La vieille – c’est comme ça qu’on l’appelle – est décédée d’un coup de couteau, dans la gorge. Elle baigne dans son sang. On la retrouve au bout de quelques jours. Les rares personnes qui la croisaient encore, dans les rues de la cité, remarquent sa disparition. On appelle les pompiers. On pénètre son appart, retrouve le cadavre. C’est un assassinat. Le meurtrier est rapidement retrouvé, il s’agit d’un voisin de palier, il n’est pas nommé dans le texte. Cet homme sans nom, en revanche, l’écrivaine distillera par touches son histoire. Des violences intra-familiales qui ont émaillé sa jeunesse, à sa mère qui l’accuse d’attouchement sur sa demi-sœur alors que le coupable c’est le nouveau beau-père, en passant par les placements en foyer, le lycée arrêté – il n’a pas le bac il dit « niveau bac ». Il y aura tout. La vie de cet homme, l’entièreté de sa vie, de sa famille. Pas simplement les circonstances d’un crime, celles qui font qu’il aurait bien mérité d’être mis en prison.

Et la justice

Constance Debré raconte, cinglante, la misère, la pauvreté, l’absence d’horizon.
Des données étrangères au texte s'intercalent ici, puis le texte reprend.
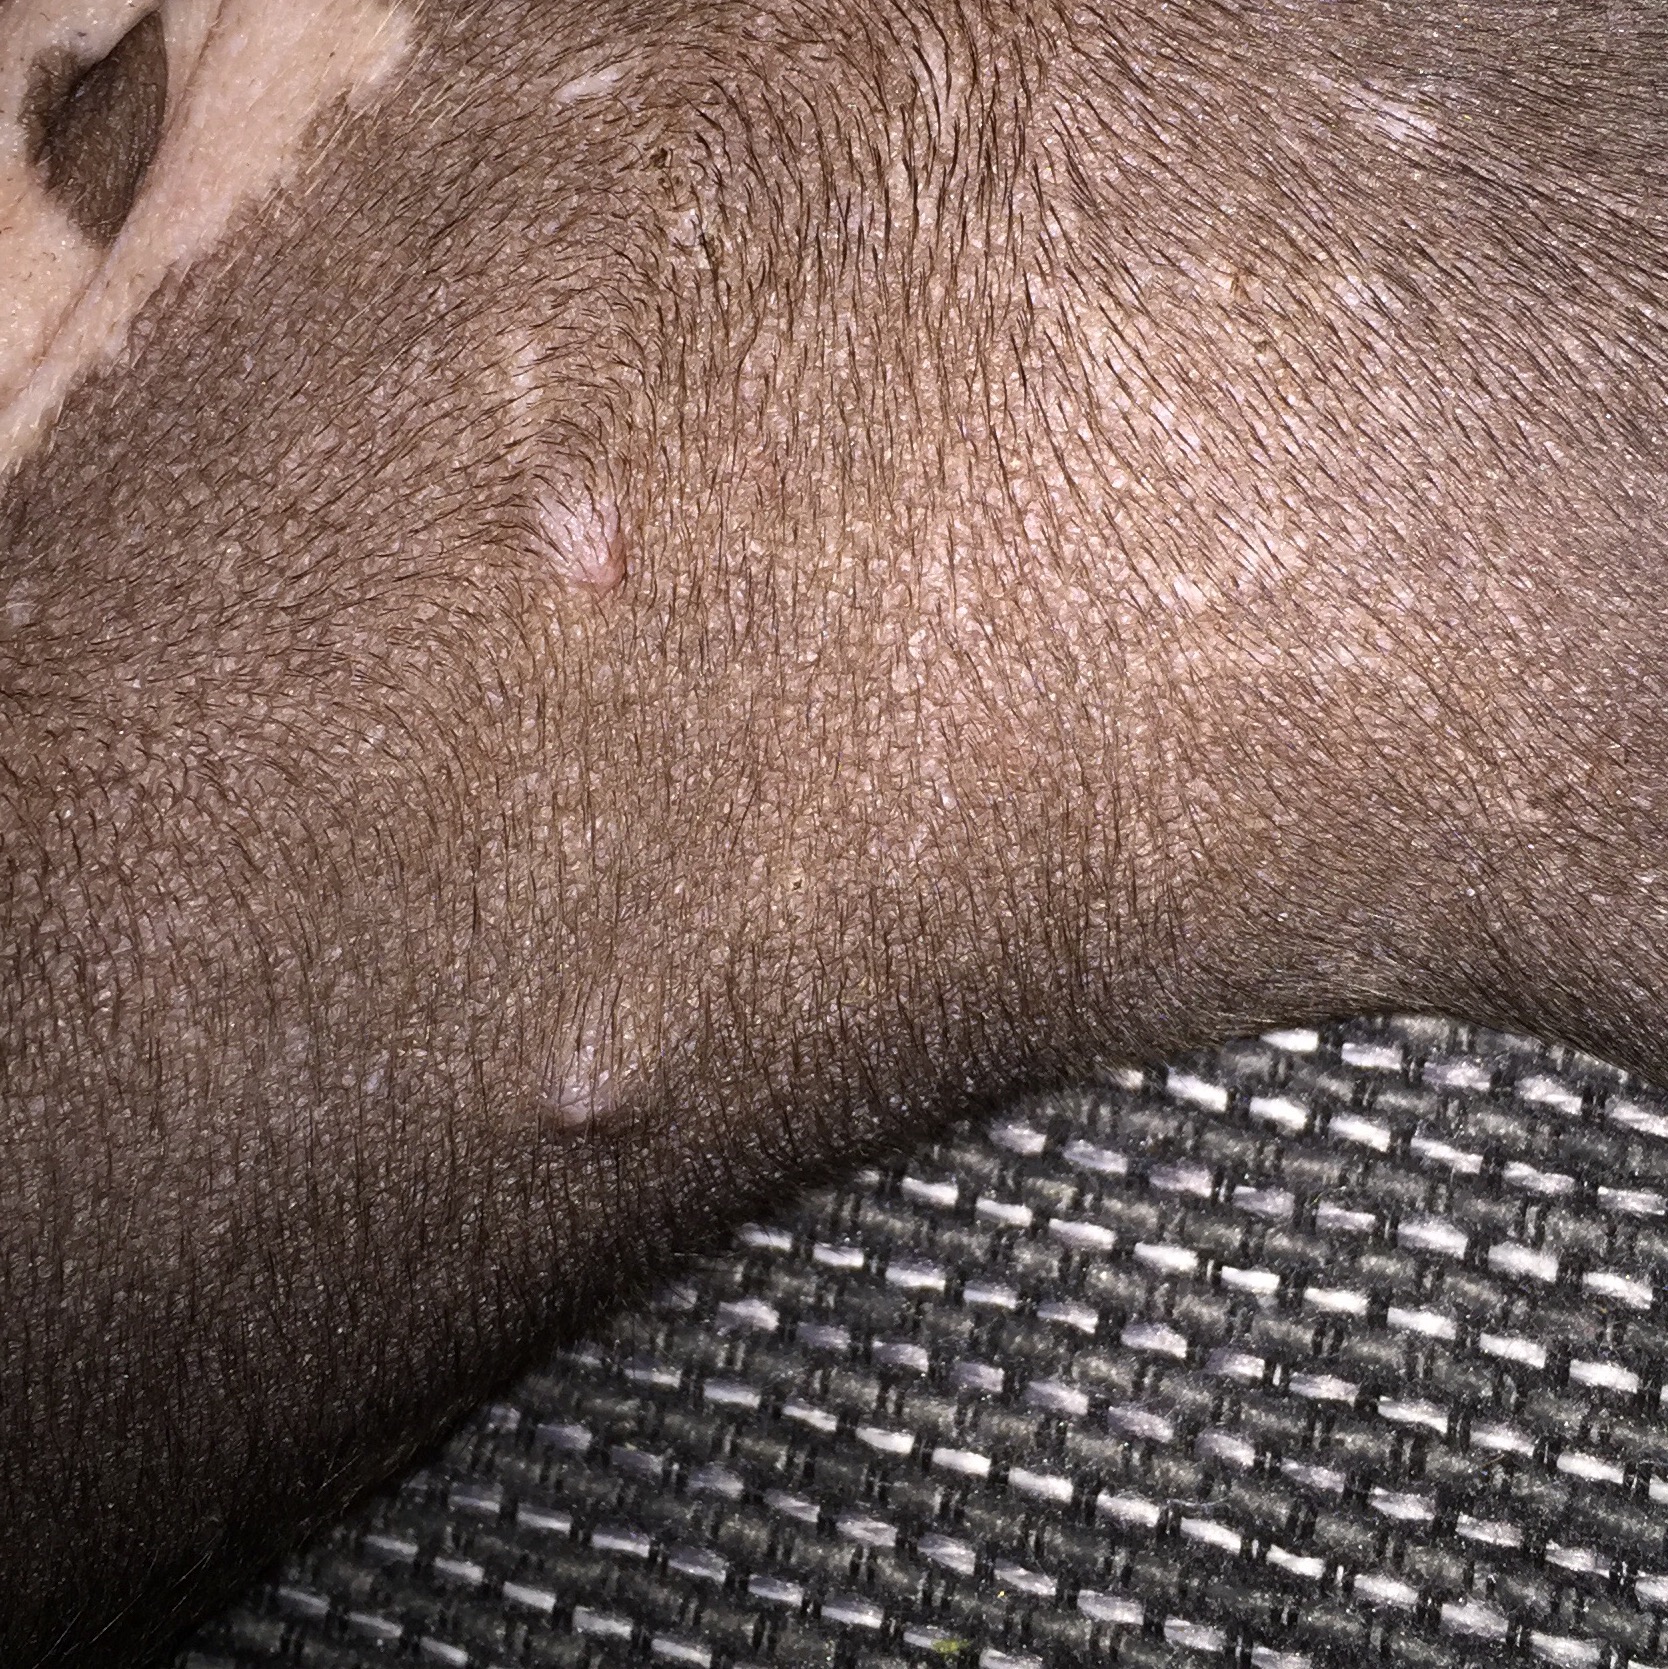 Mein Welpe hat Knubbel unter der Haut? (Gesundheit und Medizin, Beauty

Un exercice périlleux – en commençant son livre on se demande ce qu’une héritière va bien pouvoir nous dire sur ceux qui vivent dans les HLM et qui disent « niveau bac » parce qu’ils n’ont pas le bac. Mais cette affaire, c’est moins l’histoire de l’affaire que celle de la justice. La justice des pauvres contre les riches, la justice des privilégiés qui se choisit des coupables. Dans ce texte, Constance Debré rappelle avec force des convictions qui avaient traversé son œuvre, sans jamais en devenir le sujet principal.

« Il est coupable, oui. Il est coupable d’avoir cédé, de ne pas s’être laissé écraser. Il est coupable de n’avoir pas été raisonnable, de n’être pas resté à sa place, celle qui lui a été échue. D’avoir dérangé l’ordre des choses. (…) Puisque tout est dessiné à l’avance. Il y a les vaincus et les vainqueurs et c’est jugé depuis longtemps. C’est avant les actes que tout se joue, qu’est-ce qu’on peut faire contre ça, rien. »

Constance Debré, Offenses

Dans cette quête effrénée de la vie la plus juste, l’autrice rappelle qu’au fond, les affrontements, les vrais, se poursuivent, ce sont ceux des pauvres contre les riches. Et leur justice, celle des riches, continue d’envoyer les pauvres en prison, les méchants parfaits, se donne bonne conscience. Le réquisitoire est implacable, il est dérangeant. On sort bouleversé de cette lecture. Constance Debré, en une centaine de page, a trouvé les mots pour dire l’injustice.

Offenses de Constance Debré, éditions Flammarion, 17,50 euros.